Let's solve it by factoring:
0 = 2x^2 + x - 105
First, let's factor out the common factor of 2:
0 = 2(x^2 + 0.5x - 52.5)
Now, let's factor the quadratic expression inside the parentheses:
0 = 2(x + 10)(x - 5.25)
To find the value of x, set each factor equal to zero and solve for x:
x + 10 = 0 or x - 5.25 = 0
Solving for x in each equation:
x = -10 or x = 5.25
So, the possible values for x are -10 and 5.25.
To find the value of x, we can solve the quadratic equation that you have obtained: 0 = 2x^2 + x - 105.
One way to solve this quadratic equation is by factoring. However, in this case, factoring may be a bit challenging because the coefficient of x^2 is 2.

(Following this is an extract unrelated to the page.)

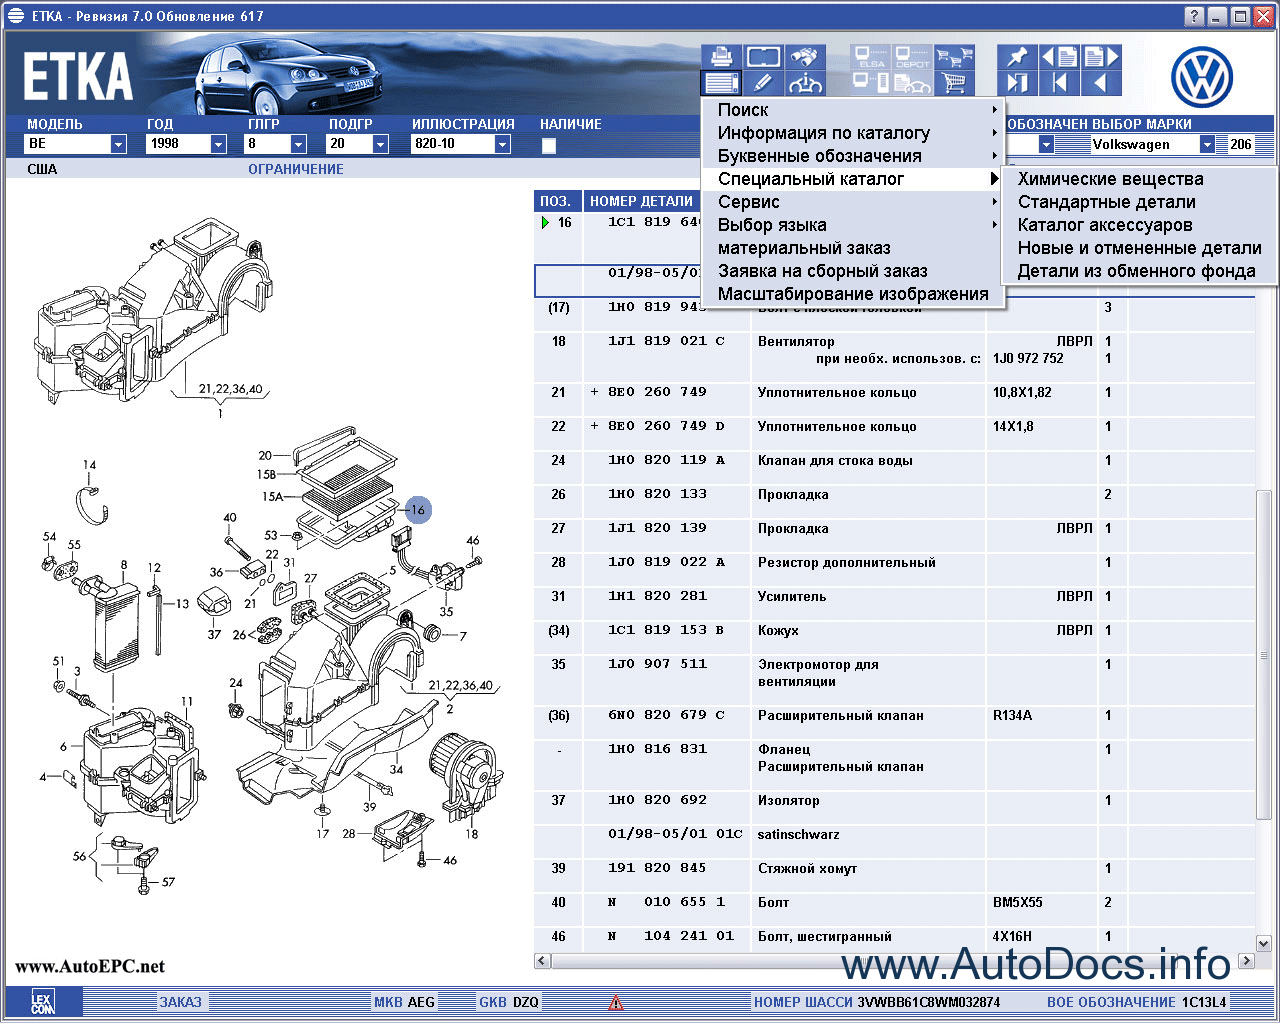 Audi VW Skoda Seat ETKA 7.2 spare parts catalogue contains ...

An alternative method is to use the quadratic formula, which states that for any quadratic equation of the form ax^2 + bx + c = 0, the solutions for x can be found using the formula:
x = (-b ± √(b^2 - 4ac)) / (2a)
In our equation, a = 2, b = 1, and c = -105. Plugging these values into the quadratic formula, we get:
x = (-1 ± √(1^2 - 4(2)(-105))) / (2(2))
Simplifying further:
x = (-1 ± √(1 + 840)) / 4
x = (-1 ± √841) / 4
x = (-1 ± 29) / 4
Evaluating both solutions:
x1 = (-1 + 29) / 4 = 28/4 = 7
x2 = (-1 - 29) / 4 = -30/4 = -7.5
Therefore, the value of x can be either 7 or -7.5.